* **What you will do**
Once the pictures are set aside, reproduce the remaining data exactly.

* **Stored data entries**
□ □ □ □ □ □ □

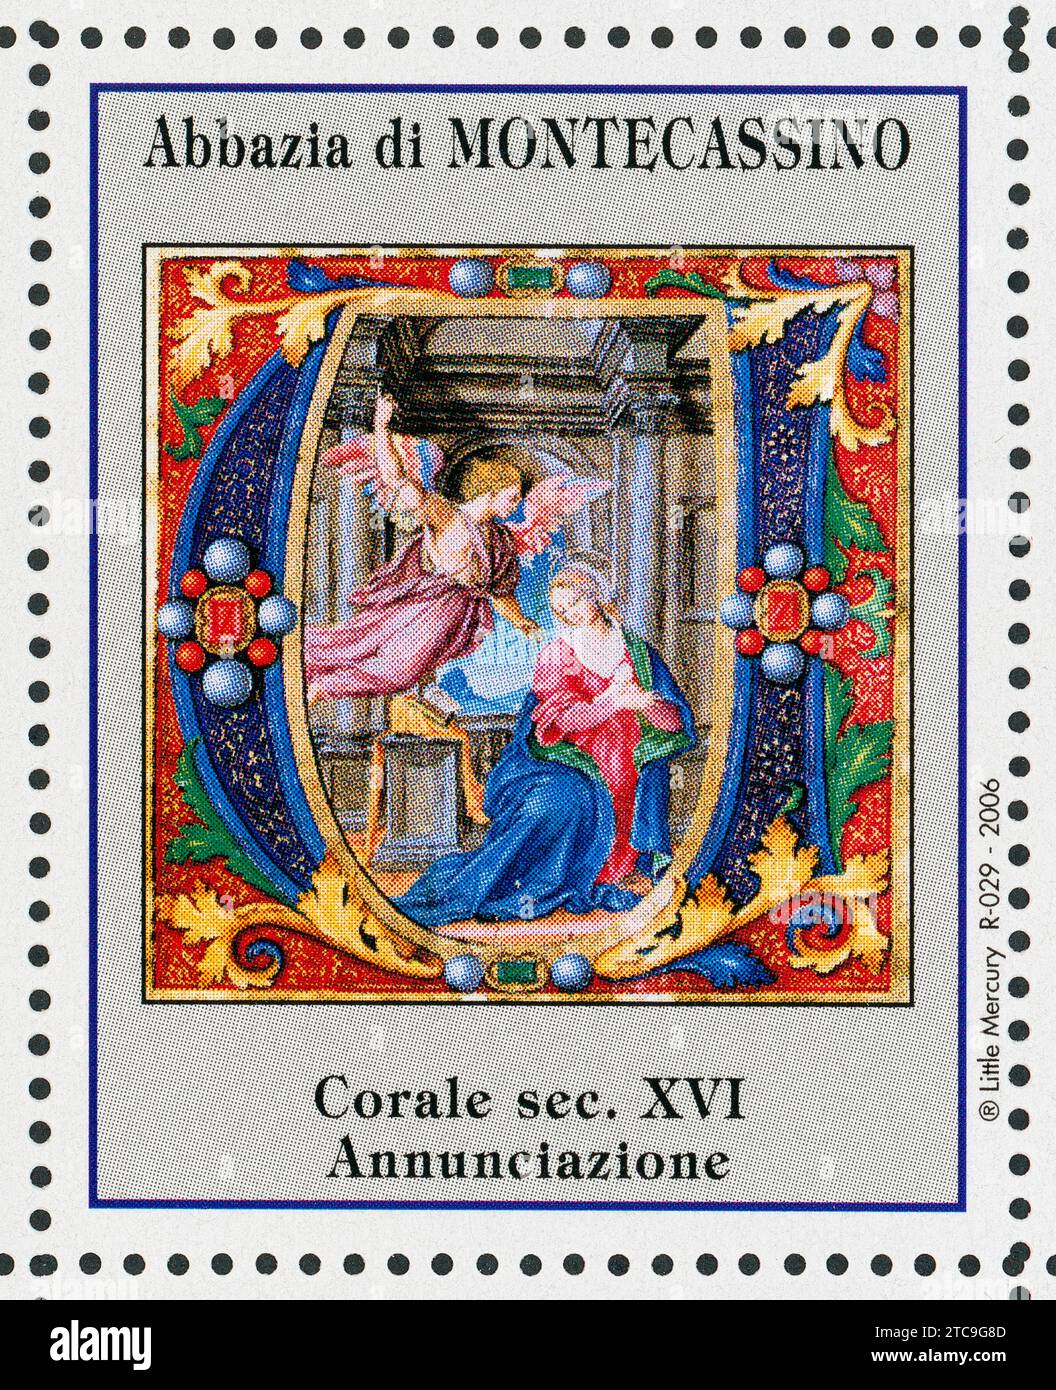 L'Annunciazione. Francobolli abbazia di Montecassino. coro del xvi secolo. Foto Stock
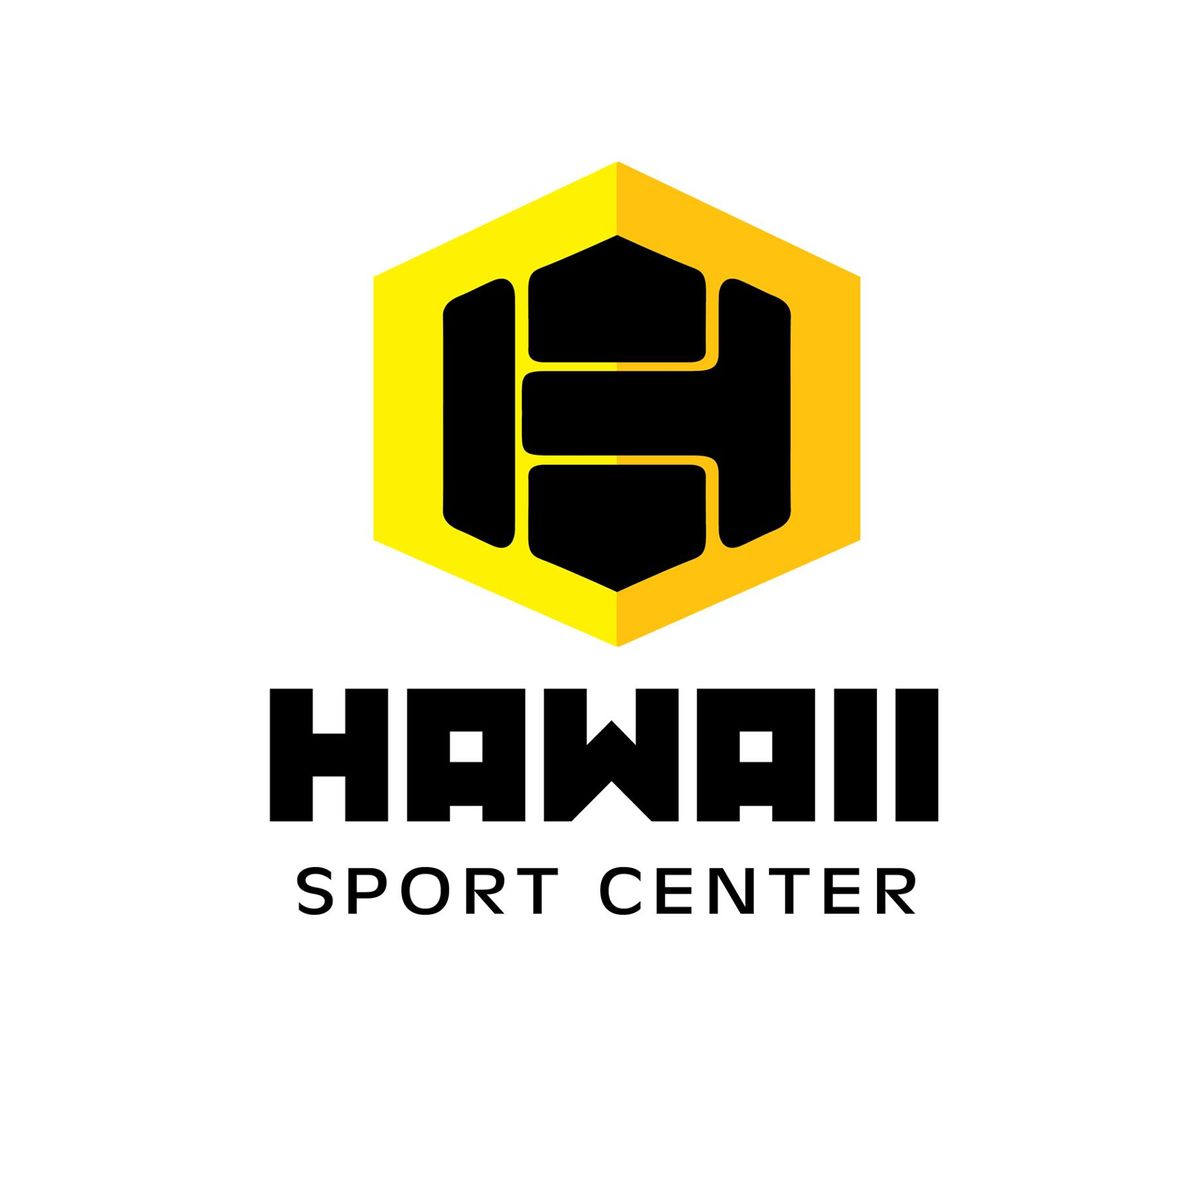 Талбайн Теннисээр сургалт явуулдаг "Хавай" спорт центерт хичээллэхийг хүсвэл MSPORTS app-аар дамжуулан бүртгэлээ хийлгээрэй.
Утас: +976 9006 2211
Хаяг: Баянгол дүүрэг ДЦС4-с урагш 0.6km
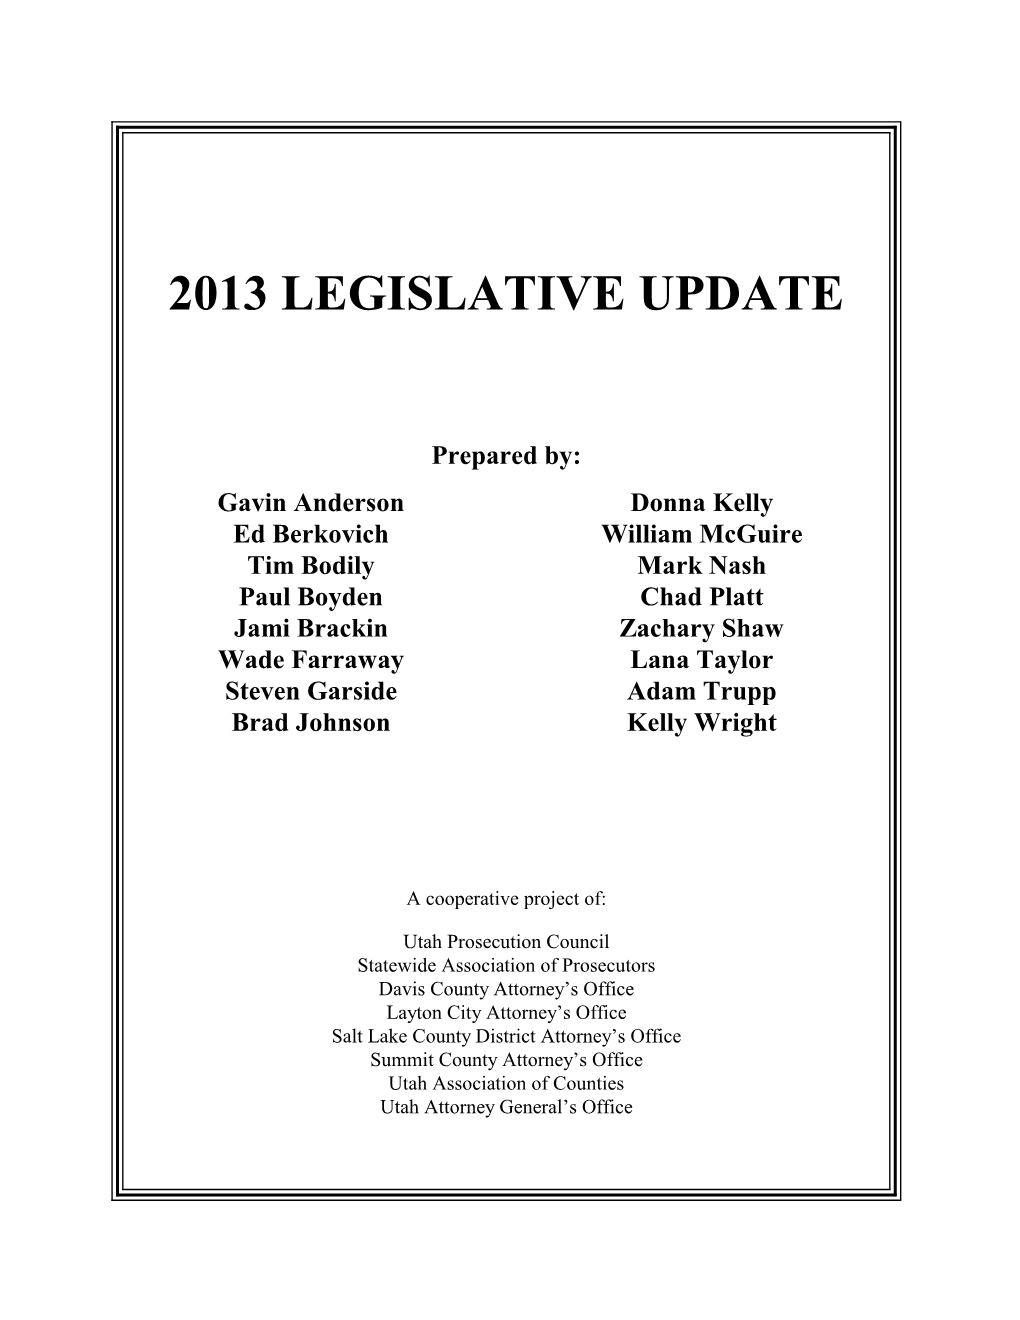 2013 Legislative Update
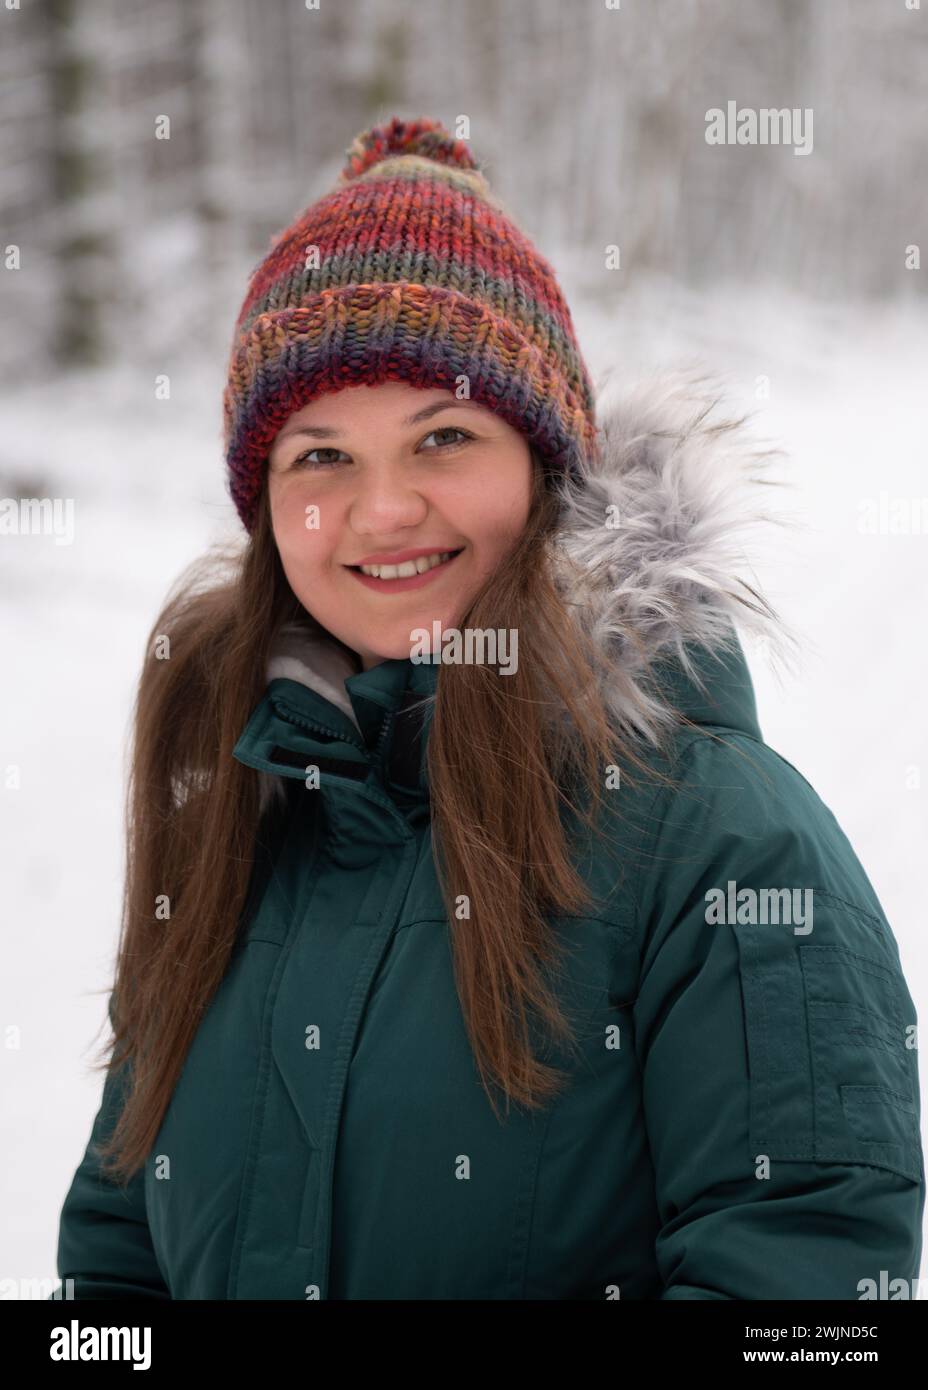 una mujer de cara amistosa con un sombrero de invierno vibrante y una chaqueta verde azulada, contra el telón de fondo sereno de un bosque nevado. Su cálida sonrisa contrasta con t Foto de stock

□ □ □ □ □ □ □

* **Answer to this problem**
 L'Annunciazione. Francobolli abbazia di Montecassino. coro del xvi secolo. Foto Stock
 Талбайн Теннисээр сургалт явуулдаг "Хавай" спорт центерт хичээллэхийг хүсвэл MSPORTS app-аар дамжуулан бүртгэлээ хийлгээрэй.
Утас: +976 9006 2211
Хаяг: Баянгол дүүрэг ДЦС4-с урагш 0.6km
 2013 Legislative Update
 una mujer de cara amistosa con un sombrero de invierno vibrante y una chaqueta verde azulada, contra el telón de fondo sereno de un bosque nevado. Su cálida sonrisa contrasta con t Foto de stock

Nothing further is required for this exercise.